Я петлял и нырял среди рядов мертвых, прыгая от дорожки к дорожке, поворачивая и поворачивая, пока не потерял счет времени и поворотам. Иногда я проскальзывал в полуобрушившиеся копии греческих и римских усыпальниц, с трудом переводя дыхание в тяжелом воздухе и прислушиваясь, нет ли погони, пока не убеждался, что все спокойно. Я не мог упрекнуть полицейских, что они прекратили преследование: в этом месте можно было играть в прятки всю ночь, а заросшие сорняком гравийные дорожки не оставляли следов. Если разобраться, то я и сам не был уверен в том, с какой стороны пришел. Я огляделся. Насколько хватало глаз, тянулись памятники, памятники, памятники, целый горизонт могильных крестов, венков, изваяний ангелов и других, более невероятных фигур. И никакого движения, даже дуновения ветерка не было в свинцовом воздухе; никаких признаков того, что где-то рядом есть город живых. Это придавало кладбищу какой-то вневременной налет, создавало ощущение, что оно повисло в воздухе. Должно быть, я очутился в самом его центре. Поверхность земли здесь была достаточно ровной, я пошел дальше, предположительно в сторону, противоположную той, откуда пришел. Мне ничего не оставалось — только идти, пока не наткнусь на какую-нибудь стену…

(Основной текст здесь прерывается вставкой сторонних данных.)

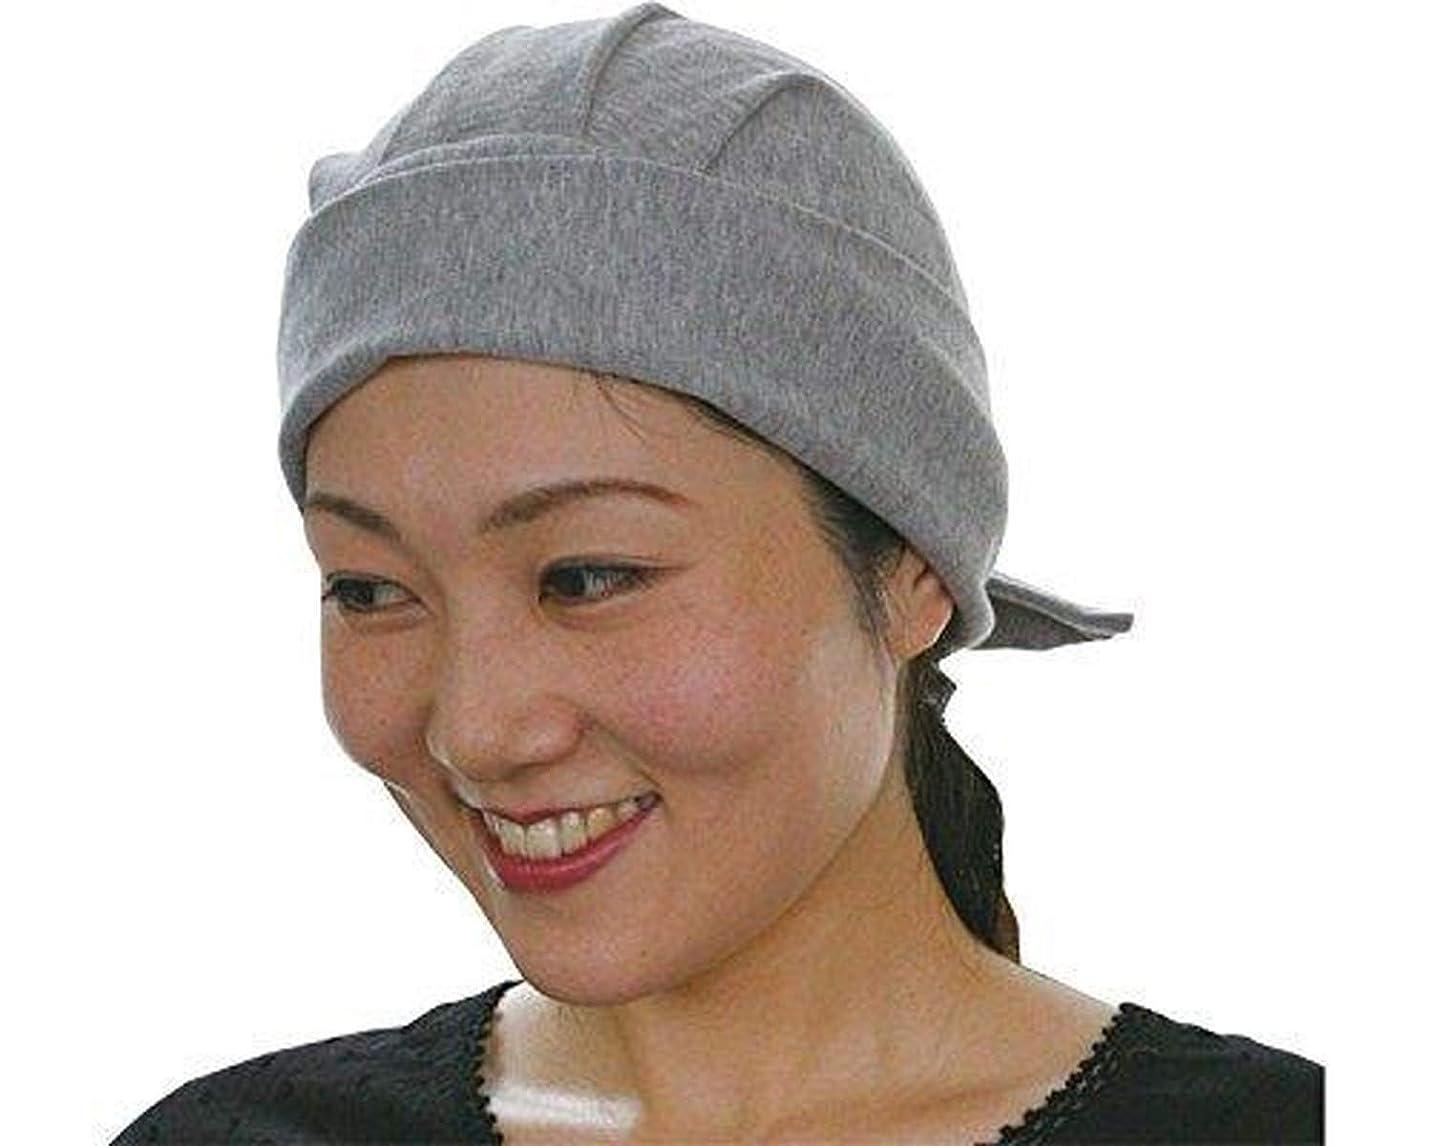 akko「バンダナ帽」かるふわ (男女兼用) グレイ

Неожиданно меня пробрала дрожь, хотя ночь была теплой. Пробравший меня холод был резким настолько, что напоминал электрический шок. Я зацепил какой-то предмет — не траву, не камень…

И тут я чуть не расхохотался. Это было просто маленькое пугало, высотой едва мне по грудь: на двух скрещенных палках висели старая потрепанная шляпа и выцветший от времени и погоды фрак. Оно все заросло сорной травой. Я хотел рассмеяться, но от пробравшего меня холода у меня слишком перехватило дыхание, и сердце бешено колотилось. Я огляделся, но больше здесь ничего не было, ничего, кроме теплого ветерка, шевелившего ветви деревьев; эта группа памятников ничем не отличалась от остальных. Поваленные, разбитые, исписанные рисунками, как и все прочие. Правда, завитки, спирали и нацарапанные круги показались мне необычными. Такими, словно их нанесли светящейся краской. Мне где-то раньше приходилось видеть что-то подобное, но не так отчетливо. Здесь же, в темноте, казалось, что их окружает слабое зеленое сияние, и даже не такое уж слабое.

Внезапно раздалось легкое скребущее царапанье, и я вздрогнул. Я круто развернулся, воображая себе какого-нибудь пылающего местью и жаждущего спустить курок полицейского, однако для этого звук был слабоват. Возле одного из надгробий шевелилась трава; стало быть, я потревожил какое-то маленькое животное. Что у них тут водится? Опоссумы, ленточные змеи… Я наклонился, чтобы посмотреть.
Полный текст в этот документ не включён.